自导自演
“回禀皇上,臣从刚才进来就闻到一股暗香。”高太医来到檀炉边,揭开盖,捻了一点在指尖嗅了嗅,这动作让南晓杏想到了一种大型的军犬。
“这炉中有燃闺房之香,崔情愫。”顾婉见此像抓住最后一根稻草,再次哭泣起来,噙着泪水:“父王,儿臣也不知南大小姐何出此言,儿臣是被冤枉的!”
“郡主此番话就是表哥所为?”南晓杏在赌,赌顾婉对林邵寒的喜爱不会用他顶包,如果不是,那么她就有机会让她不能纠缠表哥。
这小贱人怎么不去死啊!本来还想和她缓和关系,如果她不说出这句话,自己就可以随便找个下人顶罪,无论有没有肌肤之亲父皇都会护着皇家颜面,招赘邵寒哥哥。
“当…当然不是,我和邵寒哥哥是清白的,被冤枉的。”
“哦?郡主能站在这里生龙活虎也也并未像久缠病榻的人。”
“你…”
“既然是清白的,那就行了,你说呢?”南晓杏转身问宁瑜。
“郡主顾全大局,此事错不在林世子,自然是就此了知。”老皇帝高深莫测的看了宁瑜一眼,能当上皇帝想必也有强劲的手段,又怎么看不出南晓杏在帮林邵寒脱罪,顾婉自导自演的一个烂计,他只是想看看宁瑜作何感想。
是真的对南丫头动情了?眼神飘忽不定的在二人身上徘徊。
“既然瑜世子都表此意,这件事就此作罢,若被朕发现谁在背后言论此事当街论斩,顾婉郡主平行也有失态之处,罚其好好在静心宫反思。”
“儿臣遵旨。”顾婉气的牙痒痒,恶狠狠的盯着南晓杏。
反正事情也解决了,在闹下去,顾婉也最多拉个丫鬟婆子啥的定罪,就这样也挺好的,没有谁牺牲,经此一闹,传言两人在一起是断然不可能的了。
高太医开出了药方,出了皇宫,南晓杏看着一直沉默不语的林邵寒,对着宁瑜道:“你先上车等我。”
“嗯。”淡雅的哼出一声,欣长的身姿抬步往马车行去。
“有什么要问的就一块儿问了吧?”
“你为何要帮我,如果我娶了顾婉郡主,你就有可能避免进入皇宫。”林邵寒也是不解,南晓杏是铁了心不想嫁给太子,可为何…
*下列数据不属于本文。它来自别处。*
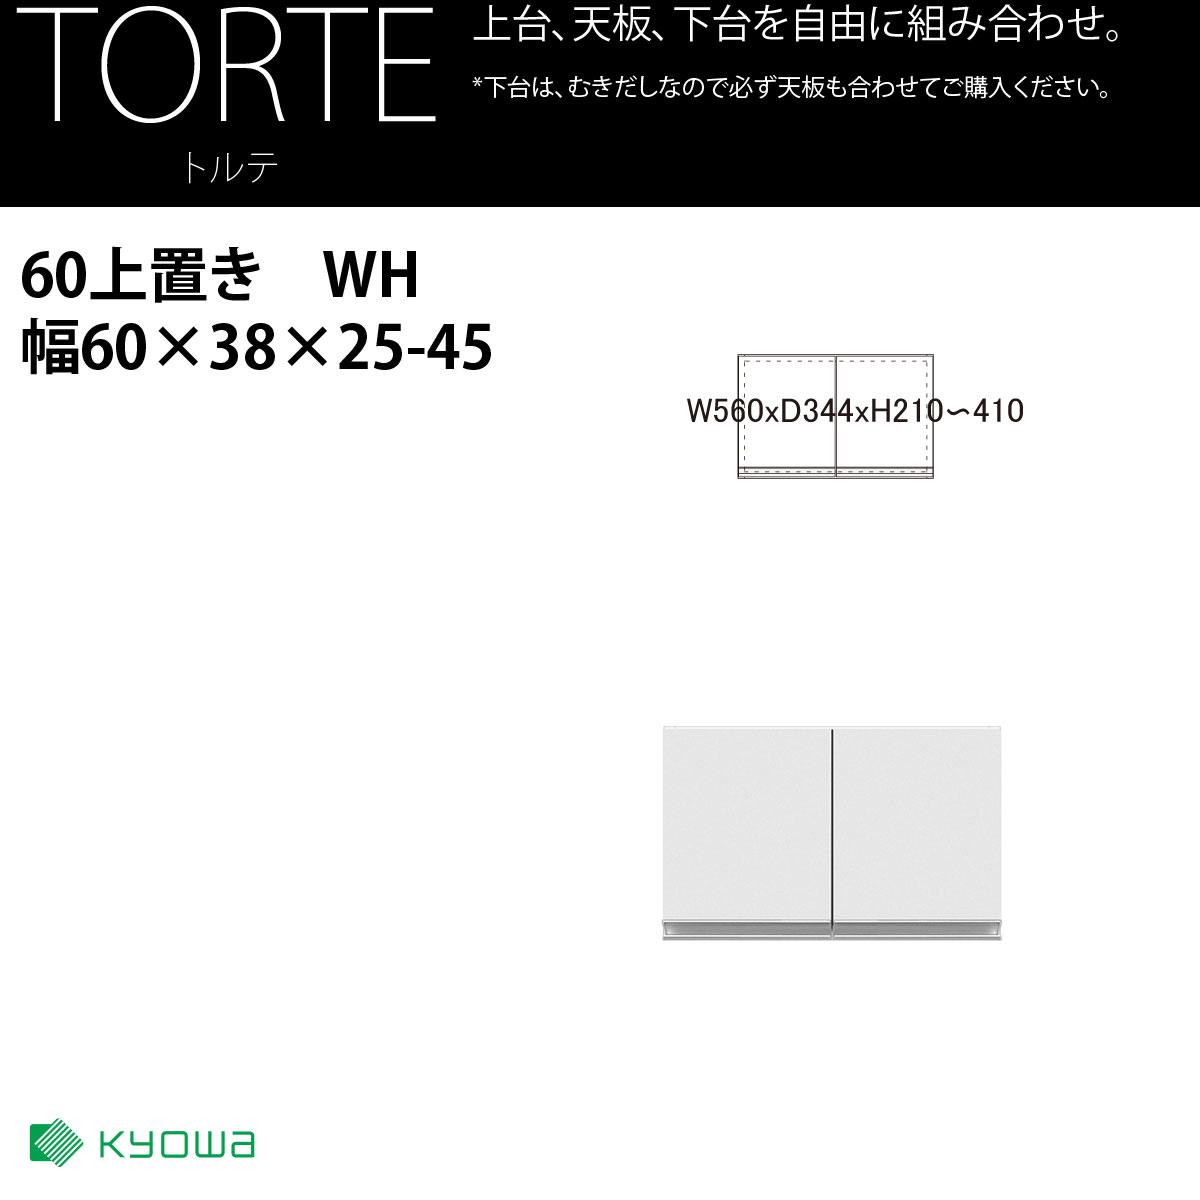 共和産業 トルテ 高さオーダー上置き 60 ホワイト【幅60×高さ25-45cm】 日本製 国産

“你自己不都说是有可能,事事没有绝对的,表哥应该明白这个道理。”
“装傻装痴,纨绔不化,既然这一切都是假的,我倒好奇真实的你是什么样子。”
“表哥,幼时生病服用的药,谁能保证我确实咽下了呢,况且不是顺其事物发展变化的自然之道吗。”看着南晓杏笑颜如画的面容,林邵寒一惊,原来她早就知道了,那时才几岁,就能装傻装痴到现在。皇后和爷爷为她送去的使人变得痴傻的药一颗也未吃,也避开了所有人的耳目。
这份心计竟然出自一个女娃恐爷爷也被蒙在鼓中。
“该说的都说了,老铁,要懂得滴水之恩涌泉相报哦。”南晓杏俏皮的一眨眼睛,转身离开了。
“老铁?什么时候多了这个词,这丫头哪有人上门讨恩情的。”喃喃自语的林世子并没有发现,自己冷若冰霜的心正一点点被自己这个表妹化开。
每个人都有另一面,只是看遇见的是谁。南晓杏也不知为何要拯救林邵寒,或许是从他的身上看到了唐禹的影子。就算不救他老皇帝也未必放过她,一人如果已经越来越发不可掌控了,就得扼杀在摇篮中。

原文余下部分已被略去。